There are two major problems that were revealed last week as a result of the discovery that the City had $45 million in new found money, and with the continuing debate over the how to deal with the Port Tunnel debt.

Here they are.


Everybody says they like Budget Director Danny Alfonso. The Mayor likes him, The City Manager likes him. The City Commission likes him.

Given the history of incompetence, stupidity and outright malfeasance exhibited by all of these people, the fact that they claim that they all like Danny Alfonso, should be reason enough to  fire him on the spot.

Nobody should “like” the Budget Director.  They should respect his judgement.  They should respect his ability to create a workable budget.  They should respect his ability to keep the budget from going in the red.

But liking the Budget Director is superfluous to the question of whether or not he is competent.

The fact that this Budget Director, less than two months after presenting budget information that was used as the basis to conduct what now amount to little more than fraudulent union negotiations as well as using those figures to deal with other financial issues related to the coming year’s budget discovered that his calculations were off by as much as 8% or 9% of the entire City Budget indicate that you cannot respect his judgment, nor his professional skills.

If you can’t keep track of 8% or 9% of a $500 million dollar budget, then what the hell can you keep track of?

What if instead of discovering that the City benefited from this 8% or 9% windfall, Alfonso would have announced that the City had suffered an additional 8% or 9% deficit in last year’s budget?

Would all of the morons in City Hall still have proclaimed their like for Danny Alfonso then?

The truth of the matter is that the City’s Financial Department is in a cataclysmic free-fall, and as embarrassing as Alfonso’s failure to keep track of the budget numbers is, the real reason for the financial problems now facing the City are in large part the result of the City hiring, and then refusing to fire, looney tunes Chief Financial Officer Janice Larned.

I have talked to people who have been in meetings with her, and even people in the city who themselves have been labeled crazy say that she’s the craziest person they’ve ever seen in the MRC building.

She cries, she screams, she throws tantrums, she’s rude, she’s abusive and worst of all she abused her position by hiring Stephen Petty!

You do not loose 15-16-17-18 people in a department, like what has happened inside the Finance Department since Larned has been the Chief Financial Officer, without this being a problem of such magnitude that not only have all these people left, but the morale of those who have remained has become so bad that I’m willing to predict that the City will probably be faced with additional accounting problems this year because the people who just can’t leave no longer give a flying fuck about doing anything but the minimum amount of work to keep their jobs.
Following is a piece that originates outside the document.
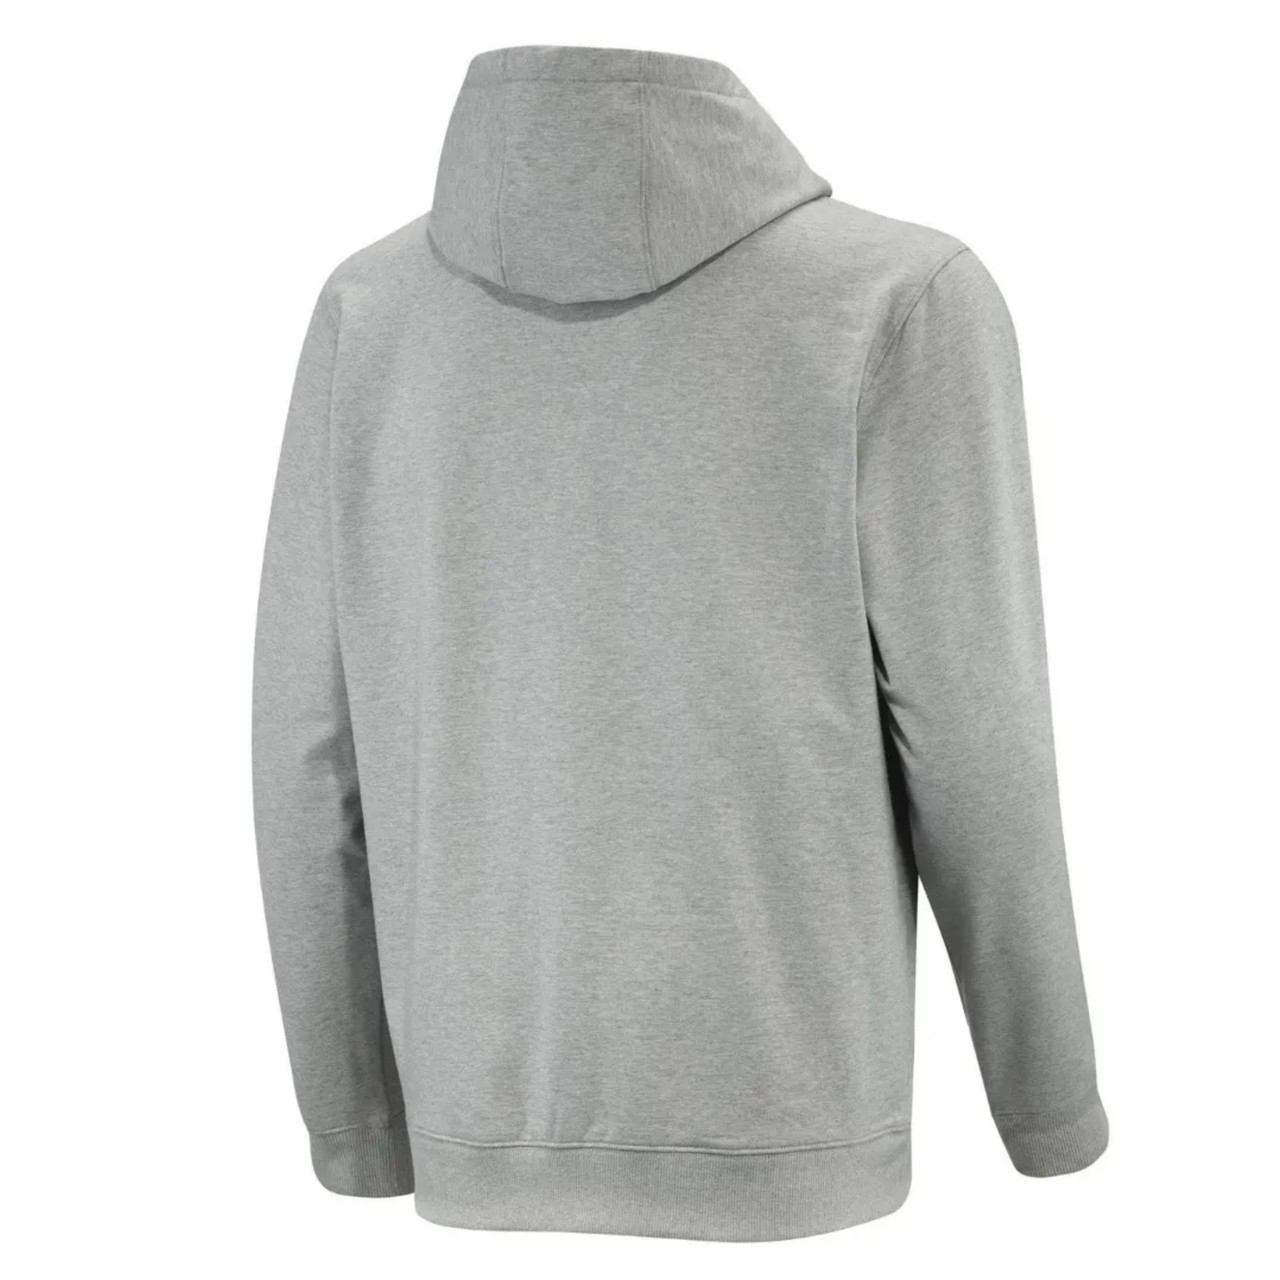 Can-Am New OEM Men's 3X-Large Heather Grey Premium Pullover Hoodie, 4545451627
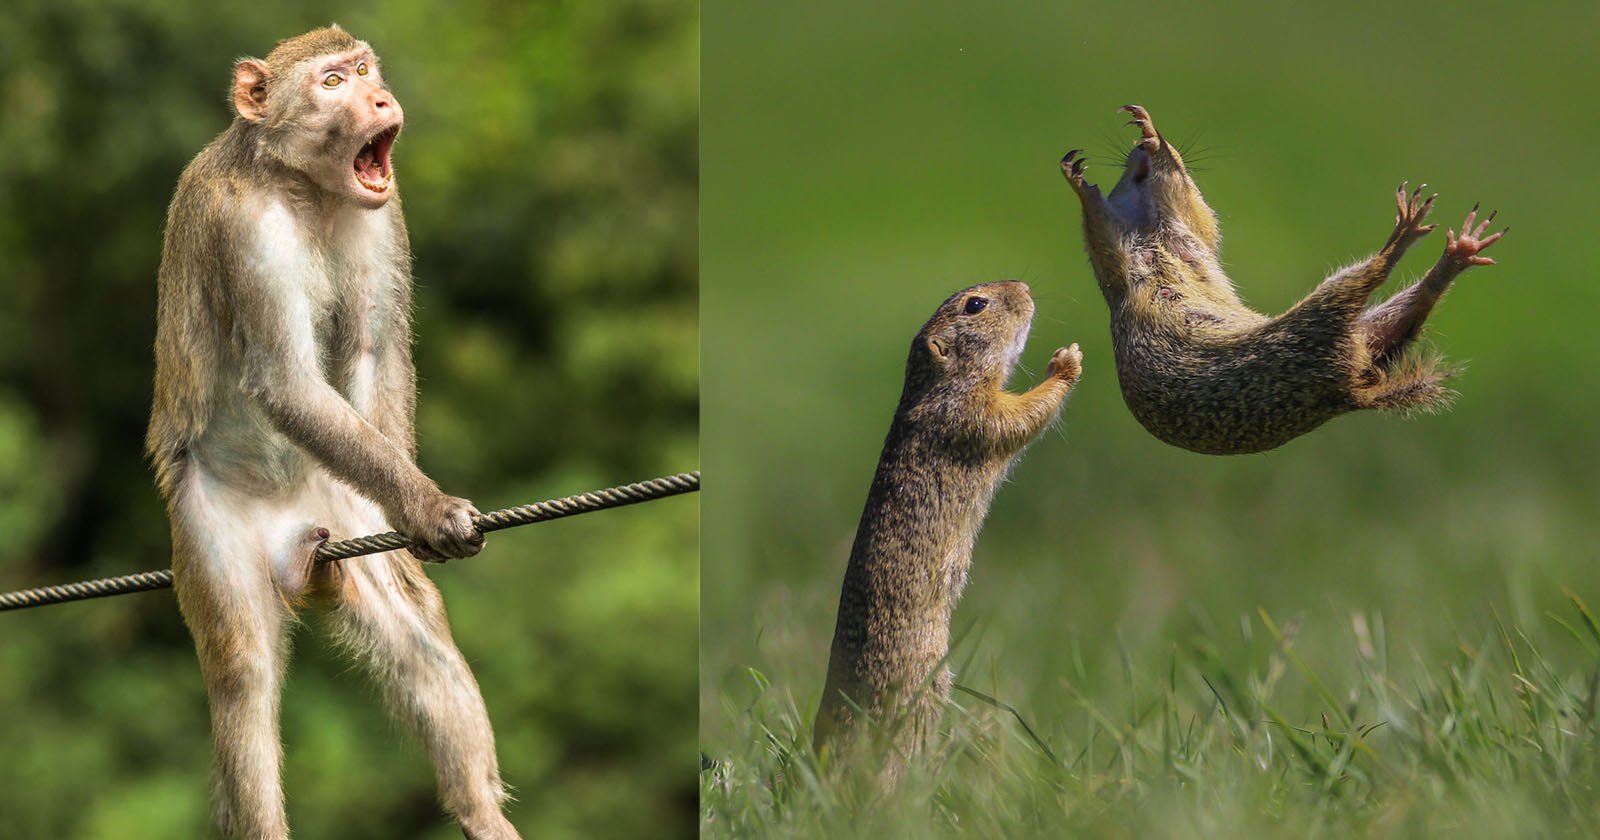 23 of the Funniest Finalists in the 2021 Comedy Wildlife Photo Awards |  PetaPixel

If you are the Chief Financial Officer, then YOU are the one who’s ultimately responsible for the City’s finances, including the budget.

At last week’s Commission meeting, her failure to forcefully step up to the plate and take responsibility, instead allowing Alfonso to diplomatically fall on his sword by allowing him to claim the full responsibility for this screw up, is just an indication that this woman would throw the Baby Jesus under the bus.

But that’s just problem one.


I started writing about this issue in December of 2010.

It was a clusterf**k then, and it continues to be one now.

Rather than rehash all of the old history, let’s look at what might possibly happen - or perhaps not happen - when the Commission meets on Monday evening.

To begin with here are three pieces of information that were - and continue to be - largely unknown. The dates associated with these bits of information are important to remember.

The first bit of information was revealed by Commissioner Suarez at the last Commission meeting when he said that his knowledge of the $45 million surplus first came when he saw it mentioned in the copy of the proposed Port Tunnel Bond documents that he had received two days before the Commission meeting.

Here is that page from the Bond documents.

These documents are not necessarily put together in sequence, and the way in which this page was paginated, it would seem that it was inserted as a replacement for another page. You can see that there still remain several blank spaces where additional information will be inserted.

The big question not revealed in this document was when was this page inserted.

For that, we go to the next bit of information.

On November 6th AND 7th I received emails from two separate individuals informing me that Janice Larned was telling some people high up in the administration that the City had a surplus of anywhere between $25-$40 million dollars.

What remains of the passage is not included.